What It Takes to Manage the Open Source BI Tool, Apache Superset
Apache Superset is a leading web application for data exploration and data visualization. Because it is an open source software allowing for flexibility and customization, Superset is popular among companies that are built on modern data stacks to create business intelligence (BI) experiences cost-effectively and at scale. Companies of all sizes from Fortune 500 firms to fast-growing startups rely on Superset to enable data-driven decisions and workflows.
But managing open source components in-house is not free. It involves a significant amount of engineering resources and indirect costs to maintain secure, compliant, and high-quality software. So what exactly is the true cost of ownership and expertise required to manage Superset?
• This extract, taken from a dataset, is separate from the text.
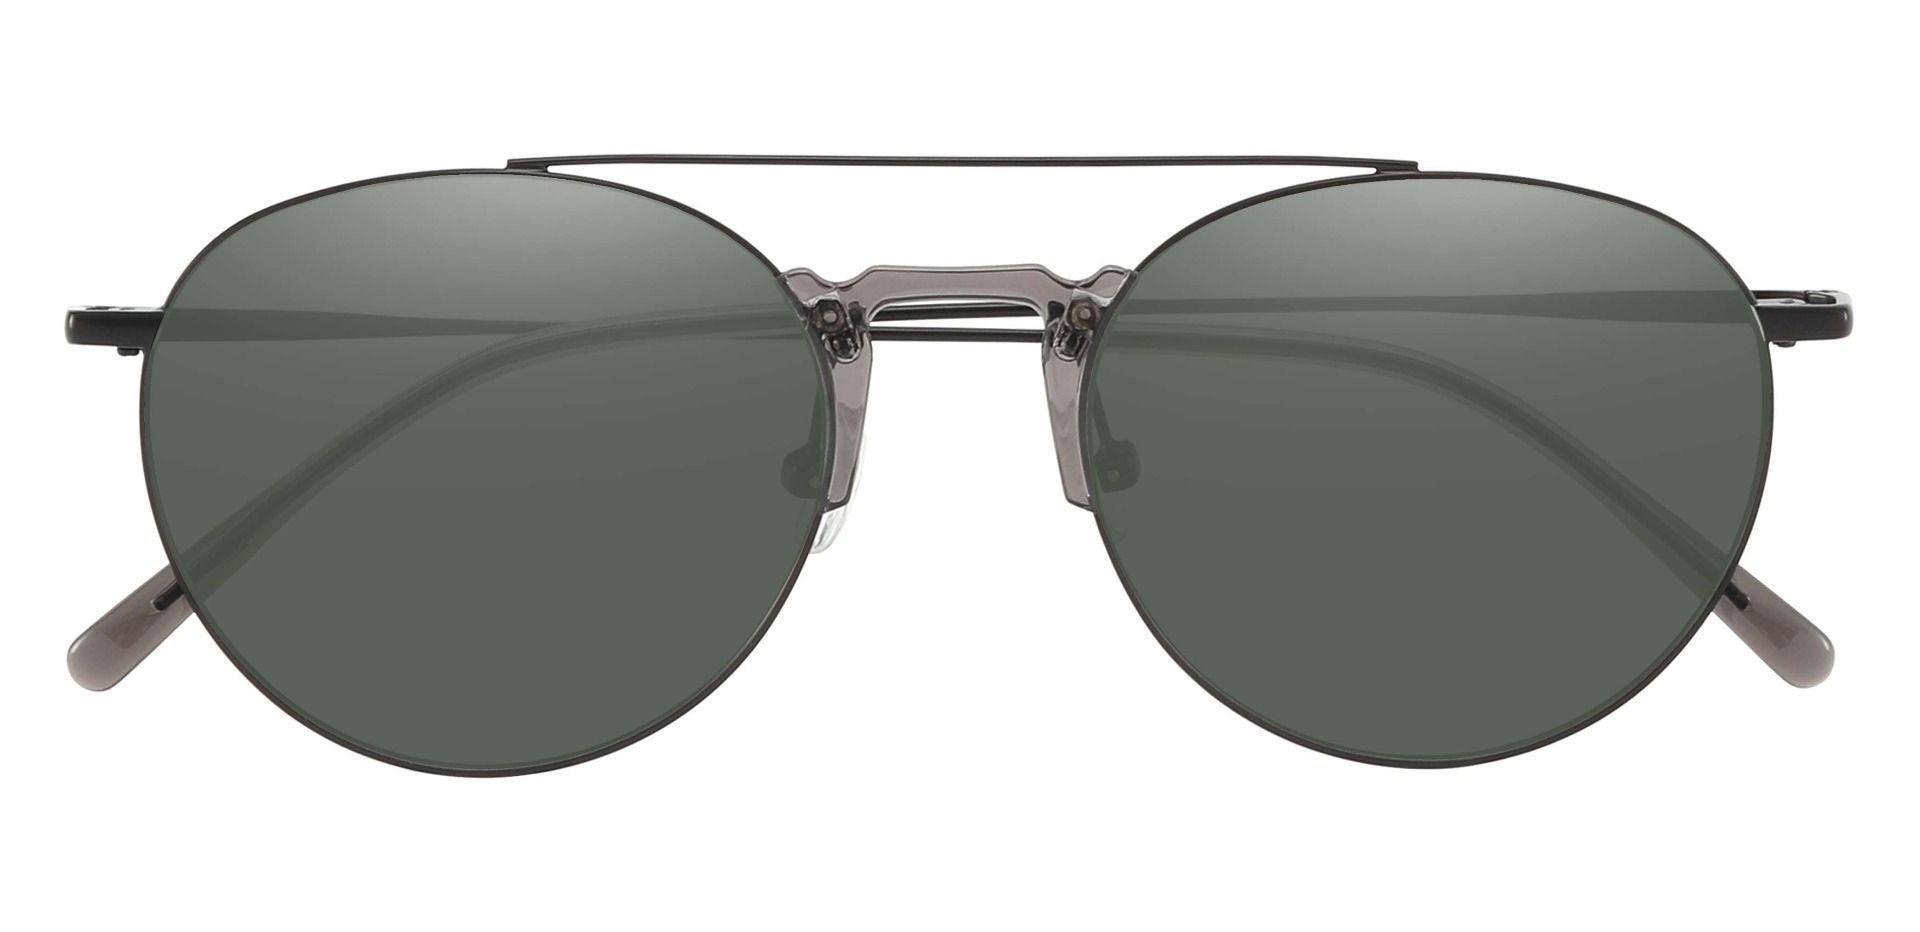 Ludden Aviator Lined Bifocal Sunglasses - Black Frame With Green Lenses

In this blog, we discuss the required efforts and the cost of managing open source Superset and how Preset’s managed solution could enable your organization to deploy a robust and reliable analytics tool powered by Superset.
Working with open source software is a continuous process (Figure 1). Even after your engineering team invests their time in installing and configuring Superset during the initial deployment, an ongoing effort is required to maintain high-quality analytics software that can serve many teams and business units across the organization.
Figure 1. A lifecycle of managing an open source software in-house.
Below describes what it takes to deploy and maintain Superset at high level.
Spinning up a Superset instance for the first time requires installing the software, configuring database drivers, setting up role-based access control (RBAC) and permissions, connecting to databases, and creating the first set of visualizations. If users rely on dashboards to get insights on product, operations, and business metrics, they would benefit from setting up event-triggered notifications (alerts) and/or scheduled notifications (reports). Further, setting up caching is recommended to improve query performance and enable faster data access.
Configuring alerts, reports, and caching, however, requires more investment in setting up your infrastructure. Caching, for example, requires enabling an asynchronous backend for Superset. The entire installation, configuration, and tuning process could take a few weeks of engineering work. For this reason, most organizations deploy just one instance of Superset, although they may benefit from having multiple isolated environments that allow for more secure separation of data connections and access.
It is not easy for companies to quickly address security vulnerabilities in Superset’s codebase. When vulnerabilities are discovered, the Apache Software Foundation notifies the Apache Superset Project Management Committee (a.k.a., PMC) of such issues in private. Unless the companies have employees that are on the committee, they could risk running vulnerable software without knowing until the next official Apache release, which typically happens every two to six months. Preset, on the other hand, is able to address security bugs within 24 hours because we have many PMC members that are dedicated and capable of addressing such issues promptly.
As your organization increasingly depends on analytics, uptime, performance, and overall reliability become critical to your operations. SLAs and expectations grow and a proportional investment in observability, monitoring, and engineering support will be required. Should your DevOps engineer(s) be on-call for yet another mission-critical system? Just ask how they would feel about it. Alternatively, you can trust a team who writes, patches, and releases the Superset software to provide the necessary support for your organization.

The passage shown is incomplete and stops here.